Por su parte, Lauro Olmo escribió La camisa, pieza que recrea el Madrid de 1960 en un barrio de chabolas y emigrantes. Otros autores fundamentales de esta corriente son:
- José María Rodríguez Méndez, con obras como Flor de otoño.
- José María Martín Recuerda, heredero de Lorca por su sensibilidad, quien destaca por el tratamiento de personajes como las prostitutas en Las arrecogías del beaterio de Santa María Egipciaca.
No obstante, la figura central de este periodo es Antonio Buero Vallejo.
Antonio Buero Vallejo: Obra y legado
La producción dramática de Buero Vallejo puede dividirse en tres vertientes principales:
- Teatro de crítica social: Analiza la sociedad española, exponiendo sus injusticias, mentiras y violencias. Su primera gran obra en este ámbito es Historia de una escalera, que retrata con eficacia la pobreza y la falta de horizontes de una colectividad atrapada en un mundo sin futuro.
- Teatro simbolista: A través de la ceguera, Buero simboliza las limitaciones humanas en su drama En la ardiente oscuridad.
- Dramas históricos: Obras donde el trasfondo histórico sirve como pretexto para reflexionar sobre la realidad contemporánea. Un ejemplo es Un soñador para el pueblo, ambientada en el siglo XVIII, que recrea el famoso motín de Esquilache.
Durante los años sesenta, Buero continuó combinando la crítica social con innovaciones técnicas en obras como La doble historia del doctor Valmy, una ácida visión de la tortura y la represión policial, y El tragaluz, una de sus piezas más aclamadas.
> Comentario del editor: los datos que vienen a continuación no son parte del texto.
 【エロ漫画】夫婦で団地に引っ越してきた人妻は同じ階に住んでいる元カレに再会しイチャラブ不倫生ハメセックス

El autor mantuvo su actividad creativa hasta el año 2000, siendo su última obra, Misión al pueblo desierto (1999), una pieza que quedó inconclusa.
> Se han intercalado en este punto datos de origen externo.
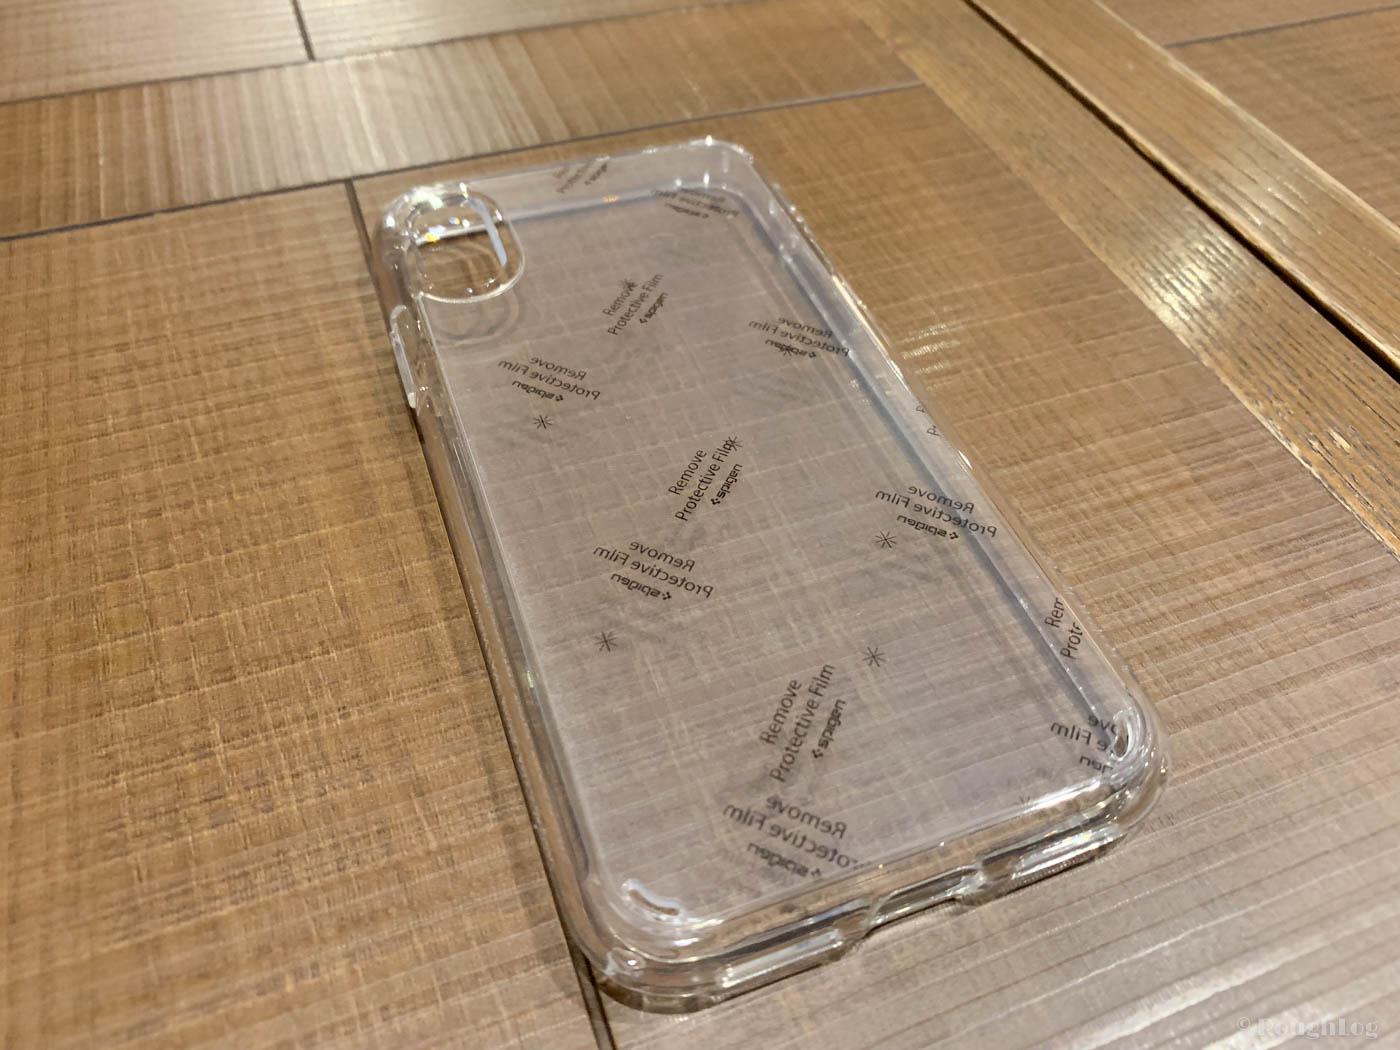 Spigen製iPhoneXSケース「ウルトラハイブリッド」には傷防止のために保護シートが貼られている

El teatro desde los años 70
A partir de la década de los setenta, se desarrolló un teatro nuevo, heredero remoto de la vanguardia, con diversas tendencias:
- Teatro simbólico y poético: Representado por autores como Antonio Gala con Anillos para una dama.
- Teatro furioso: Francisco Nieva, en su doble condición de escenógrafo y autor, desarrolló una crítica cargada de esperpento sobre la realidad española, como se observa en Pelo de tormenta.
- Teatro pánico: Fernando Arrabal es el máximo exponente de esta corriente, caracterizada por la confusión, el azar y el rechazo al orden burgués. Su obra más difundida es El cementerio de automóviles.
El auge de los grupos teatrales
Es fundamental destacar la labor de los grupos teatrales, donde la puesta en escena y el espectáculo prevalecen sobre el texto. Aunque surgieron compañías independientes en todo el territorio nacional, las más representativas fueron de procedencia catalana, destacando Els Joglars (dirigida por Albert Boadella), Els Comediants y La Fura dels Baus.